Thanks, I cant read music so the notation wasn't much help to me (but thanks for sharing) do you have a chord progression, say c, g, f, play a melody within those chords and then use the viola to play the tonic of those chords?


----------



## mcalis (Dec 7, 2020)

Rossy said:


> Thanks, I cant read music so the notation wasn't much help to me (but thanks for sharing) do you have a chord progression, say c, g, f, play a melody within those chords and then use the viola to play the tonic of those chords?


It was the other way around, I came up with the melody first and then found chords around them by noodling on the piano. The melody helps dictate what the chords should be, but I'm also guided by what feels natural under my hands: _generally _trying to move as few fingers as possible to move to a new chord.

Here is the midi view:




The violas (underlined with red) do not play the tonic of the chords, they play the top notes of the chord since violins I & II are on the melody.


----------



## Ashermusic (Dec 7, 2020)

GtrString said:


> Realistic to whom? The classical crowd, the trailer crowd, the scoring crowd or the rhythmic music crowd?

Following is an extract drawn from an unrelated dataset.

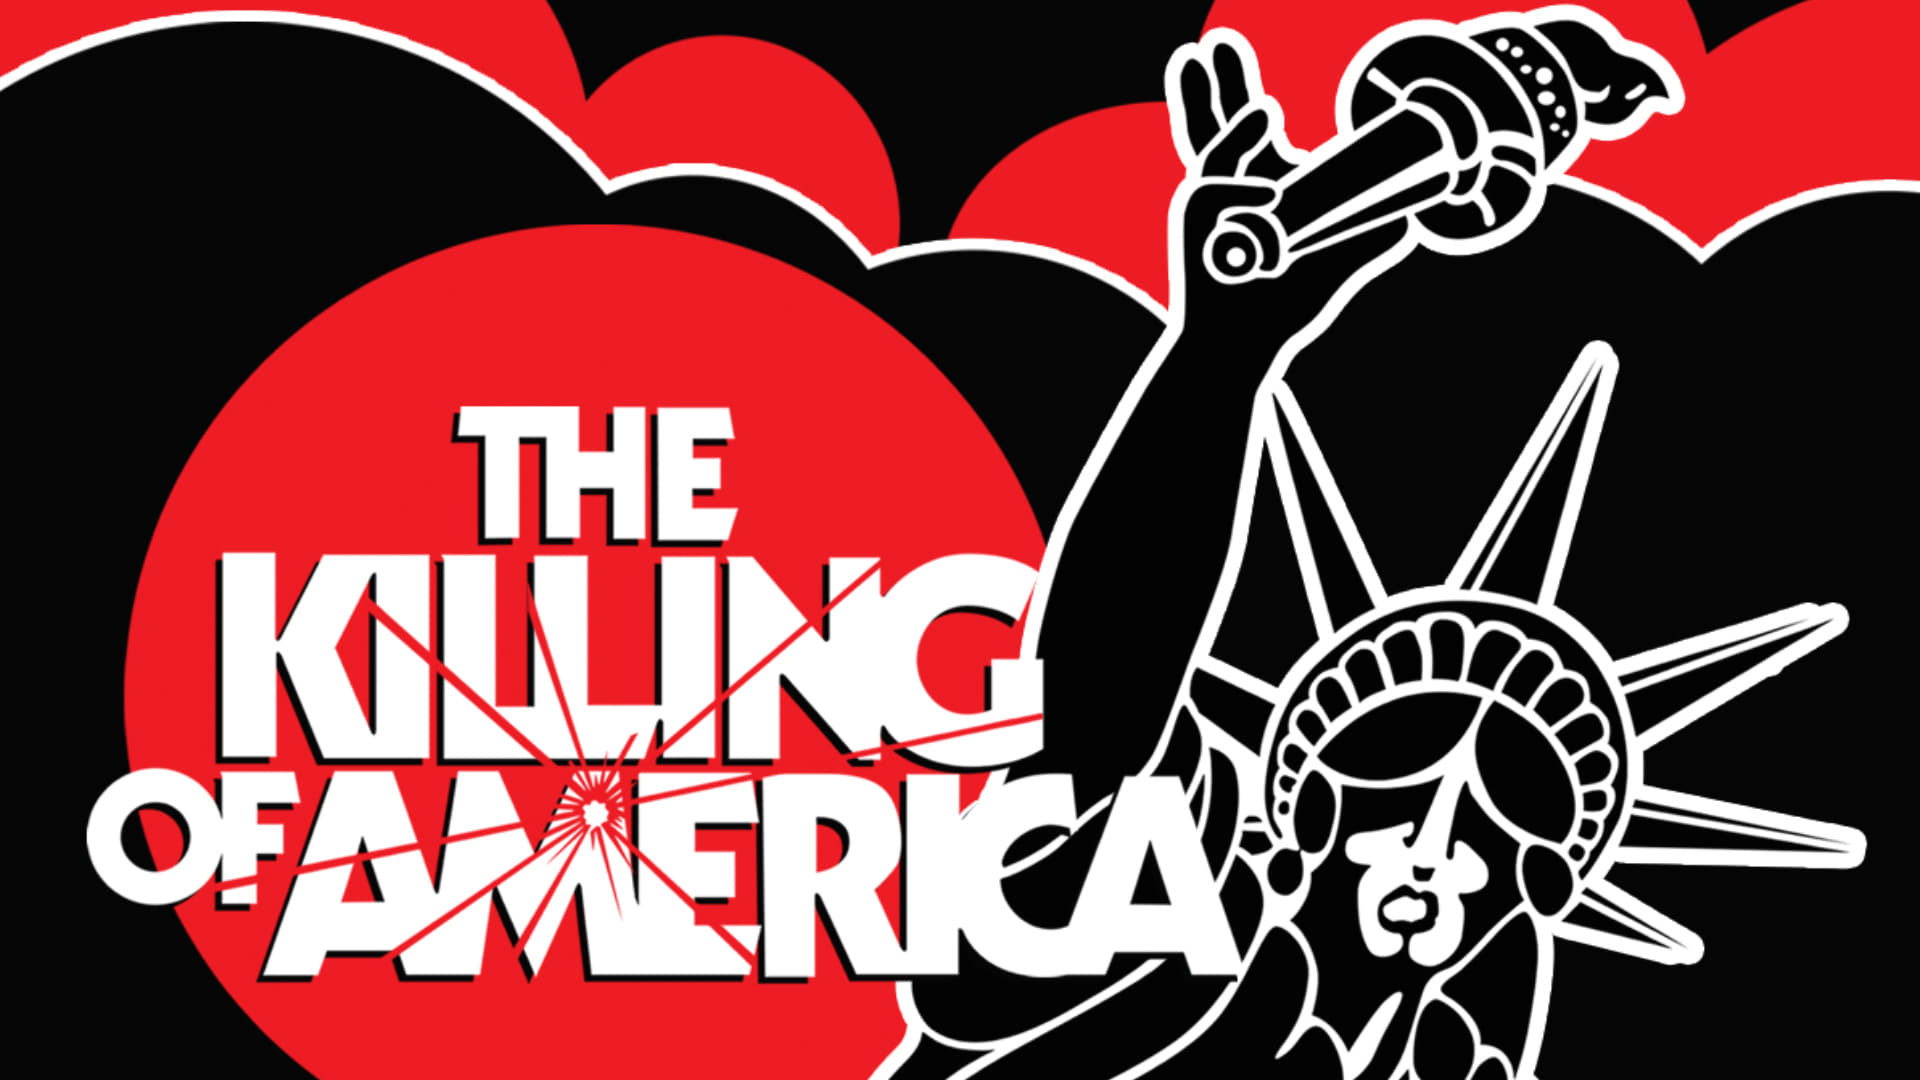 ამერიკის სიკვდილი / The Killing of America

That is the crux of it. It depends on what you are composing and who you are composing for. I will play the chords, but usually then print it out and play in the individual lines, but not always.


----------



## MusiquedeReve (Jul 18, 2022)

What I usually do, and please tell me if this is the wrong way to go about it, is as follows:

For example, a D Major chord (triad, no inversion):

V1: D
V2: F#
Va: A
Vc: D
Cb: D

Is this the proper way to play a chord using the string sections? Should I try divisi with V1 and have V2 do the same separated by an octave?


----------